Потрясение, которое ему пришлось пережить в последние годы службы, оставило неизгладимый след в характере. Алессандро почти потерял веру в справедливость и считает, что для большинства людей движущей силой является собственное желание и прихоть, а не долг. Тем не менее сам остается верен своим взглядам. К врагам он безжалостен, но если противник без оружия, не причинит тому вреда. Как бы низко ни пришлось пасть, что бы он ни потерял, но чести и достоинства он не потеряет.
7. Биография.
Зима 1711 года, альпийская деревушка.
Четыре француза с ружьями медленно пробирались через покрытые снегом заросли. Кто они? Заблудившиеся охотники? Может, разбойники, разгуливающие в поисках легкой наживы? Для нашей истории это не так важно. Намного важнее то, что после долгих скитаний по заснеженным лесам они вышли к скромной деревушке, спрятавшейся от цивилизации в горах.

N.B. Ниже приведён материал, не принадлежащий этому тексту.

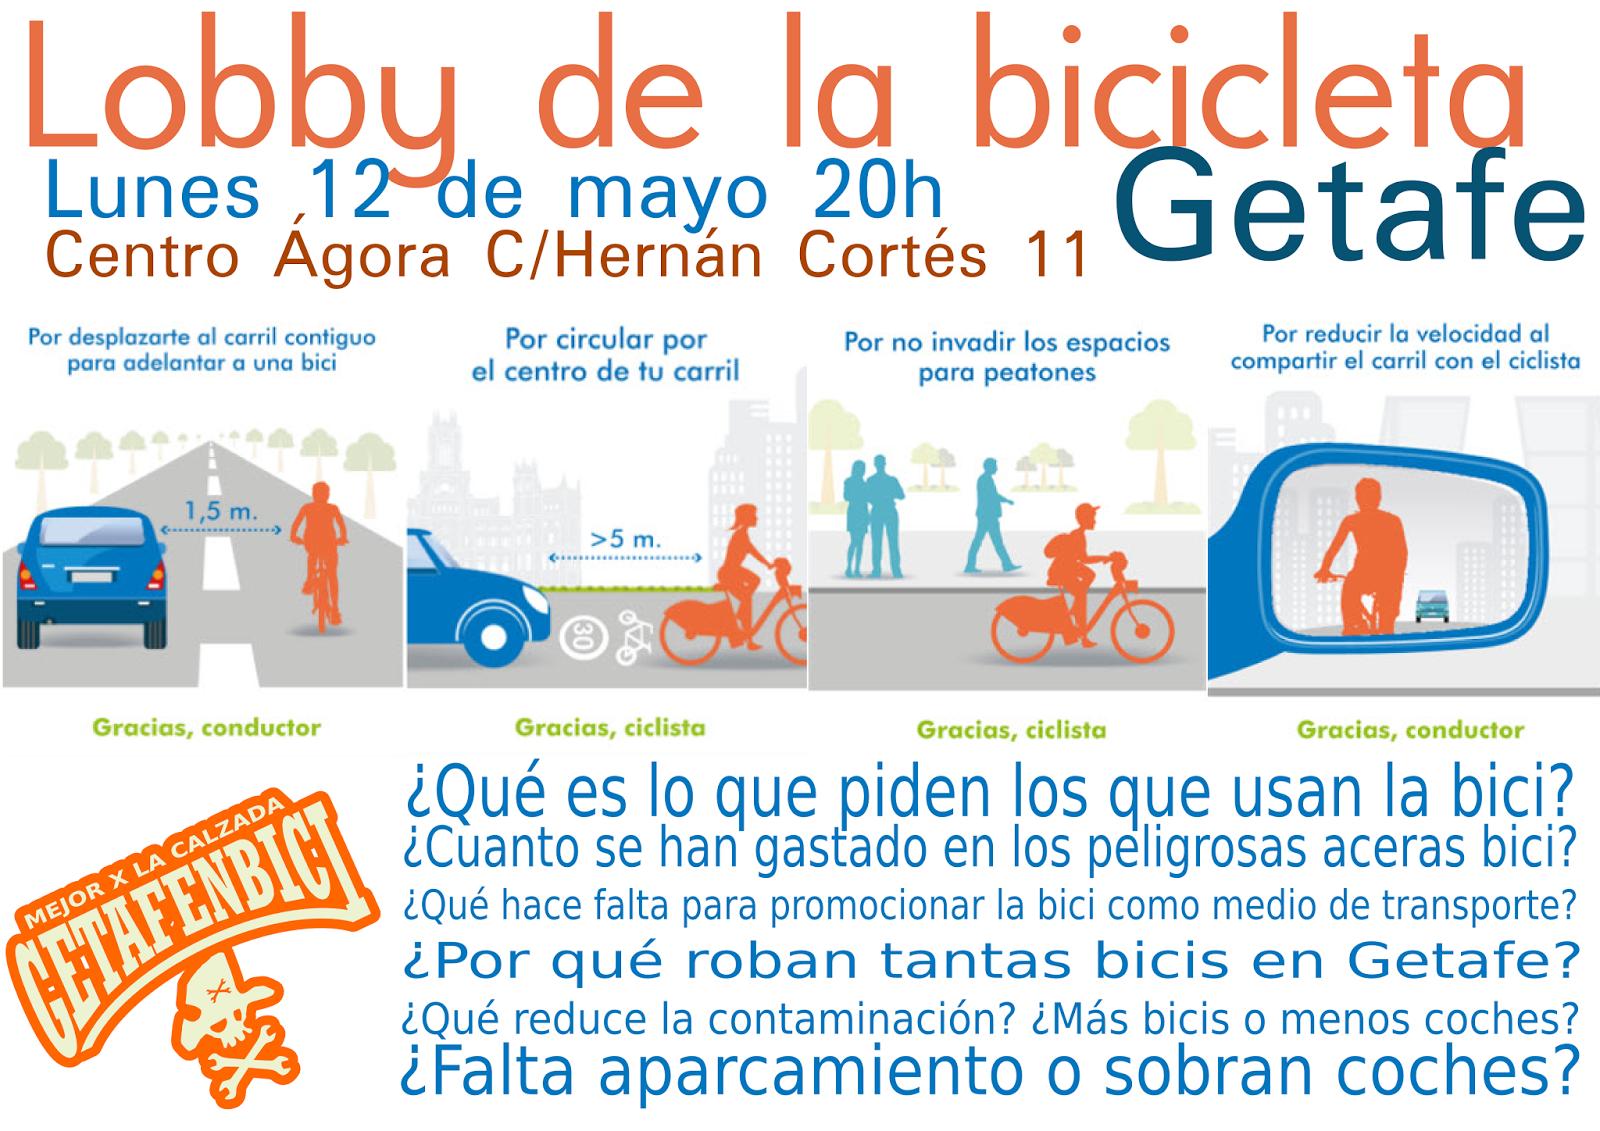 la bicicleta como medio de transporte

Жители деревушки поначалу были очень обеспокоены появлением чужаков, когда те озираясь вышли на своеобразную площадь. Мужчины тут же схватились за топоры, выглядывая из окошек своих не самых шикарных домов. Женщины бросились прятать и успокаивать детей.
Когда французы оказались в деревне, та словно вымерла. Лишь тонкие струйки дыма над домами выдавали присутствие хозяев. Да и немудрено: погода уже четвертый день стояла просто ужасная.
На окрики никто не отозвался. Только минут через десять, показавшимися французыам целым часом, кто-то высунул голову из двери и затараторил что-то непонятное.
Один из французов, к счастью для охотников и к спокойствию для деревенщины, понял слова местного жителя.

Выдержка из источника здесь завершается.